Community Details at a Glance
The Homes
Structure
A named village under Oakleaf's single POA, one association plan-wide, unlike Eagle Harbor's sub-HOAs
Stock
2000s-era single-family
Identity
Village names organize the plan's map and its market tiers
Status
Resale-only inside the built-out plan
Costs & Fees
POA
Oakleaf's plan-wide association dues, confirm current
CDD
The Oakleaf CDD on the tax bill, the amenity campus's funding
Capex
2000s systems, the corridor's standing questions
Amenities
Campus
Oakleaf's pools, water features, athletic centers and parks
Schools
The Oakleaf campuses minutes away
Retail
Oakleaf Town Center at the plan's edge
Village
Named-village identity within the single structure
Location
Setting
Interior Oakleaf Plantation, Clay side
Role
One of the plan's established village cores
ZIP
32065, Orange Park
The Village: Named and Tiered
2000s-era single-family across the full size range, tiered the corridor's standard way: original-era value homes, renovated cores, and the larger plans on backing lots. The village name carries the comp set, Cannons Point's era and streetscape price together, and the plan's averages blur what the village curve shows.
The era's questions, roof, HVAC, water heater, kitchen, assign each home its tier, and the school-season calendar moves the renovated tier fastest.
More on Living at Cannons Point
The depth without the wall of text. Open what matters to you.
The campus life
One-rulebook simplicity
The plan's rhythm
The no-CDD shadow
What to Check Before You Offer
Before you write on any Cannons Point home, run this list.
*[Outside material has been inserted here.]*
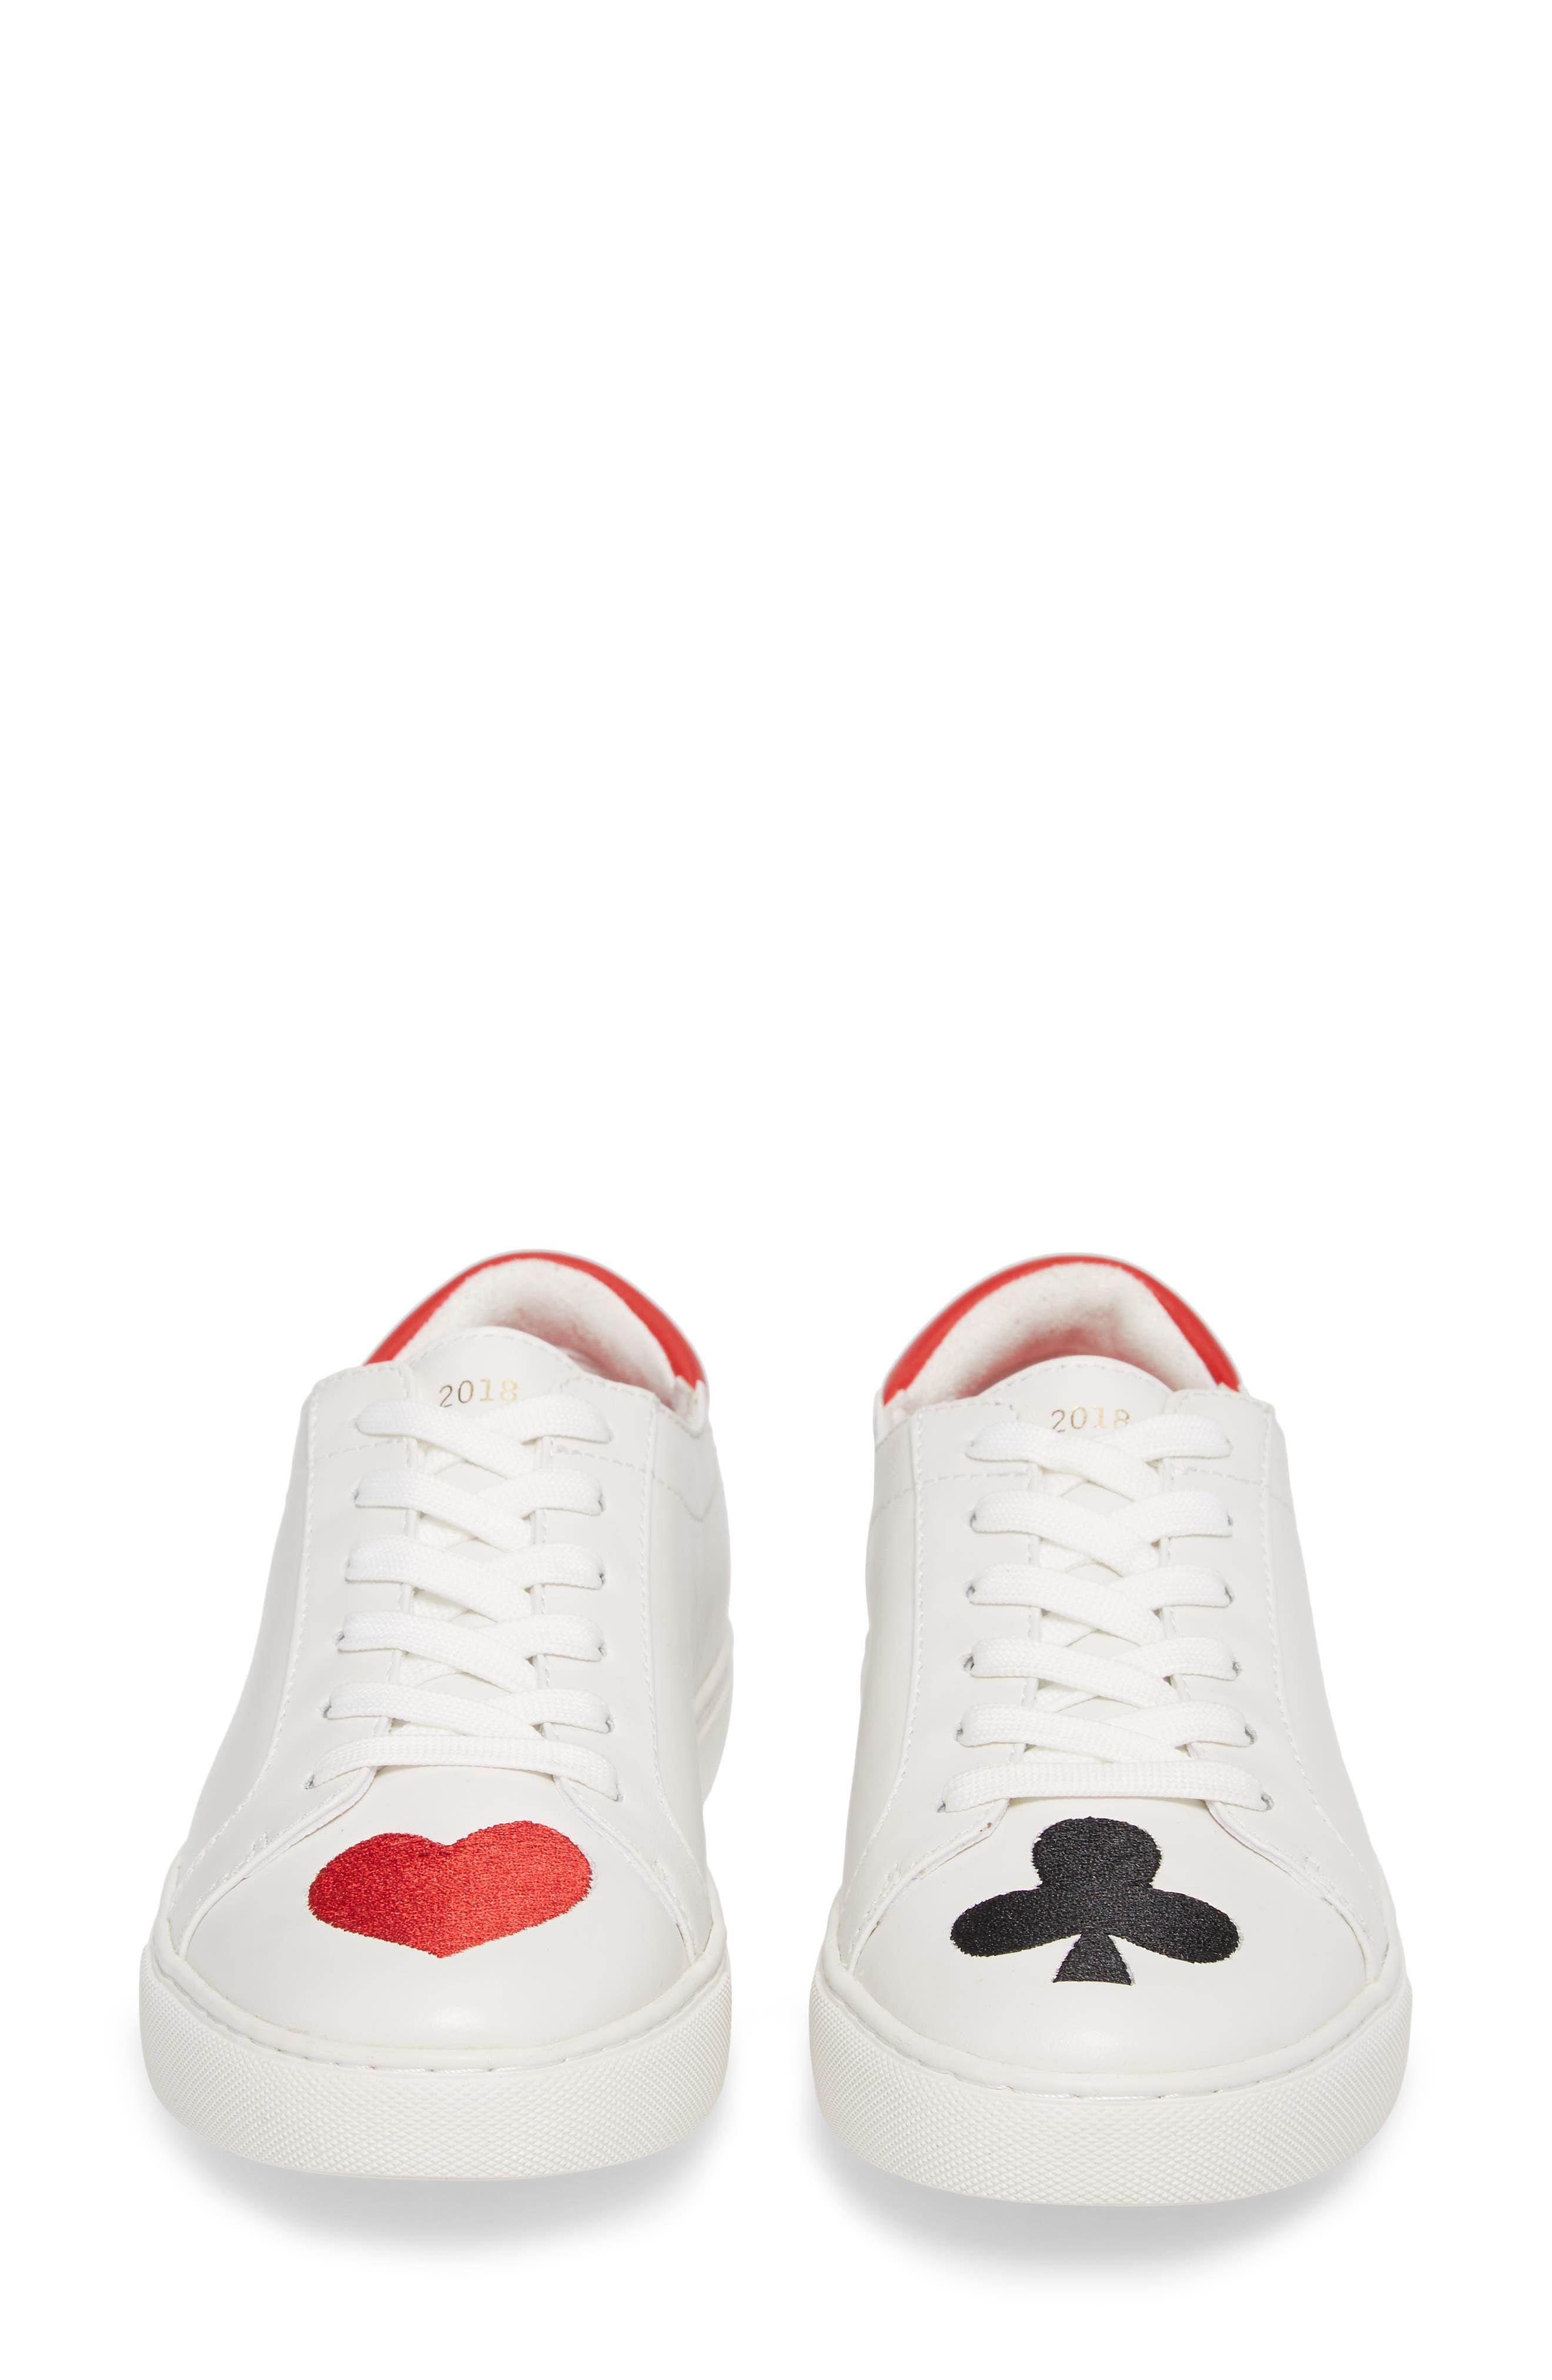 'Kam' Sneaker,                             Alternate thumbnail 5, color,                             White Red Black Leather
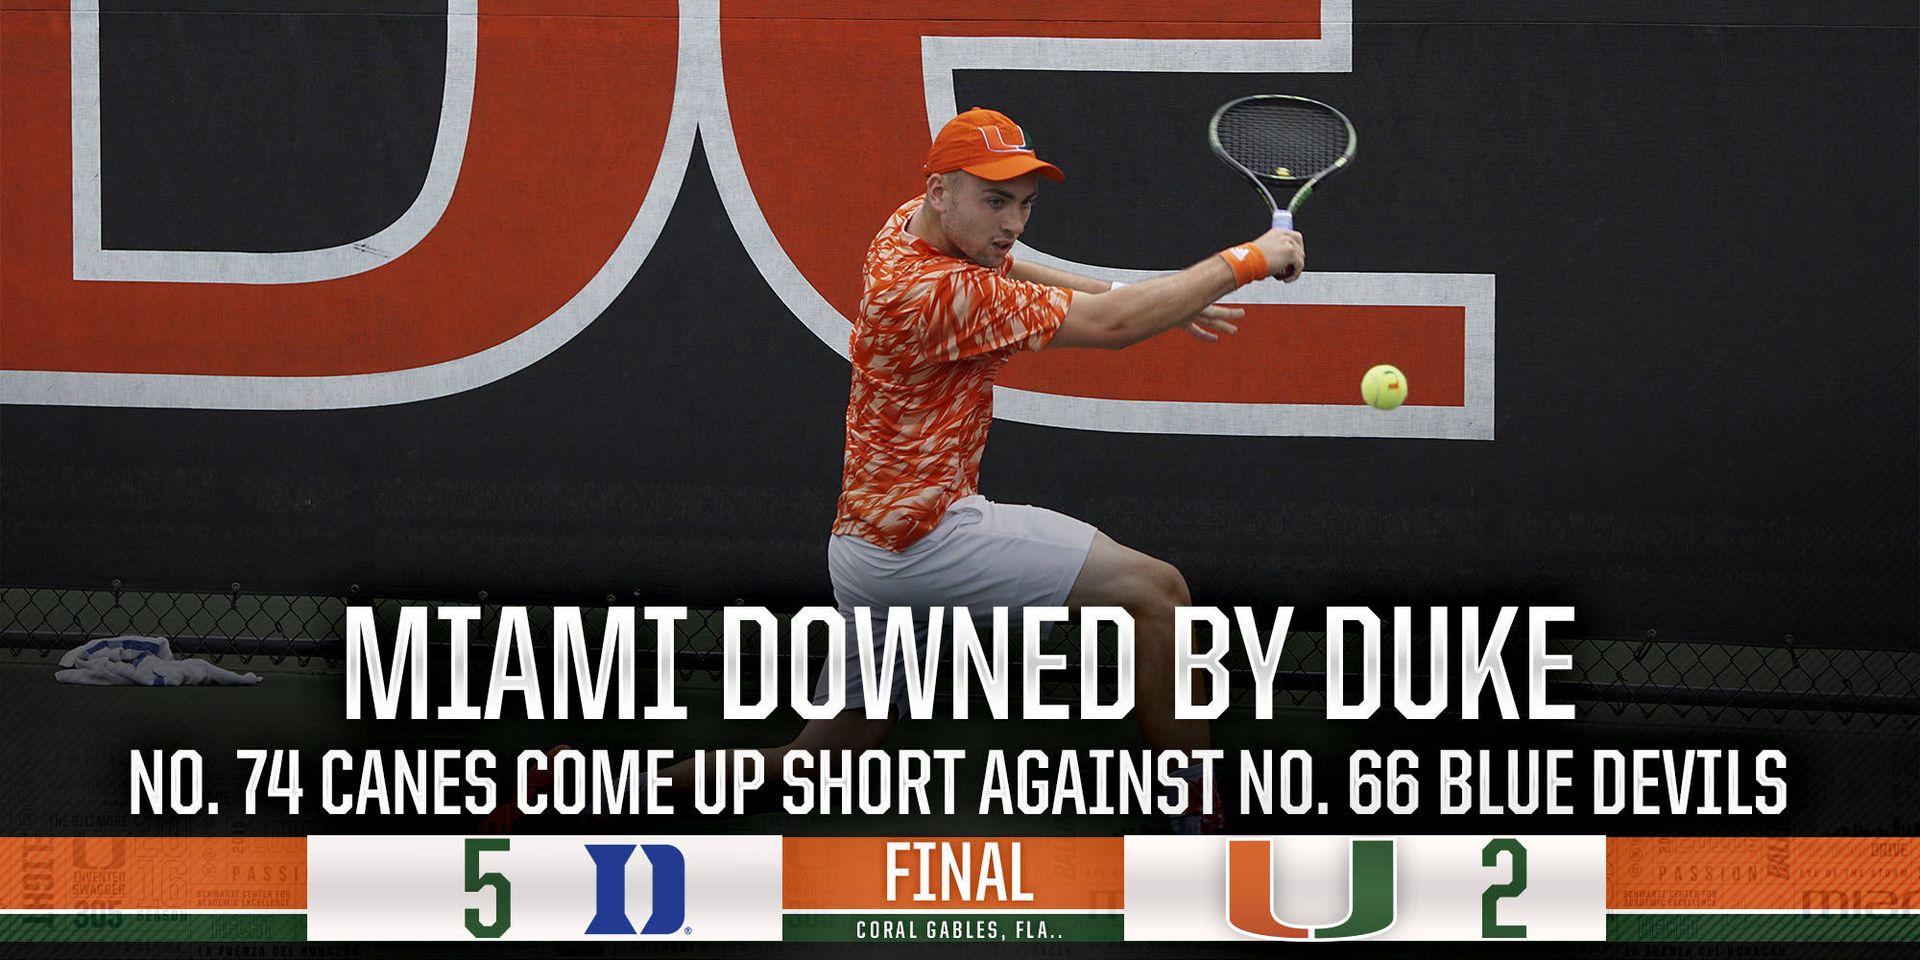 No. 74 Canes Fall to No. 66 Duke

- Current POA dues and the CDD assessment, both lines, current
- The CDD's bond-versus-O&M split and retirement schedule
- Village-level comps by condition tier
- The era's four questions, roof, HVAC, water heater, kitchen
- Insurance quote inside the inspection period
- The POA's single rulebook read for your plans
- School zoning per address
- The Forest Hammock comparison run on decade math
Cannons Point teaches the Oakleaf lesson in miniature: the plan is one association wearing fourteen names, and the names still run the market. Village-level comps beat the averages, the POA+CDD stack prices the campus, and the no-CDD shadow from Forest Hammock keeps every negotiation honest. Buy the village by its name, price it by its tier, and the corridor's biggest plan trades as rationally as its smallest pocket.
Our advice: run the corridor's defining spreadsheet, this village's stack-inclusive decade cost against Forest Hammock's, and let your household's actual pool-and-court usage decide it. The campus is worth its funding to the households who live there; the math tells everyone else.
Cannons Point vs. Comparable Options
The honest way to place Cannons Point is across the corridor's structures.
| Community | How it compares to Cannons Point |
|---|---|
| Highland Mill | The sibling village, same structure, its own curve. Inventory timing decides between them. |
| Forest Hammock | The no-CDD counterargument, ~$500/yr against the stack, amenities-lite against the campus. The corridor's defining comparison. |
| Eagle Landing | The golf-and-resort tier, bigger amenities, bigger carrying costs, the plan's premium side. |
| Waterford Ranch | The no-CDD newer single-family nearby, 2022+ systems against the village's campus access. |
| Oakleaf Plantation (the plan) | The full fourteen-village map, the master guide for shopping the names side by side. |
Cannons Point's case: an established named village inside the corridor's amenity anchor, with the schools inside the plan. The case against: the corridor's heaviest fee profile, 2000s capex, and rivals selling lighter structures minutes away.
The Honest Trade-offs
Pros
- The corridor's deepest amenity campus included.
- One-association simplicity, a single rulebook.
- Oakleaf feeder schools inside the plan.
- Named-village identity sharpens the comps.
- Established streets in the plan's core.
- School-season liquidity in the renovated tier.
Cons
- The POA+CDD stack, the corridor's heaviest.
- 2000s capex at decision age.
- No village-level governance or amenities.
- Plan-scale school-hour traffic.
- The no-CDD shadow disciplines every resale.
- Fourteen-village comps demand precision.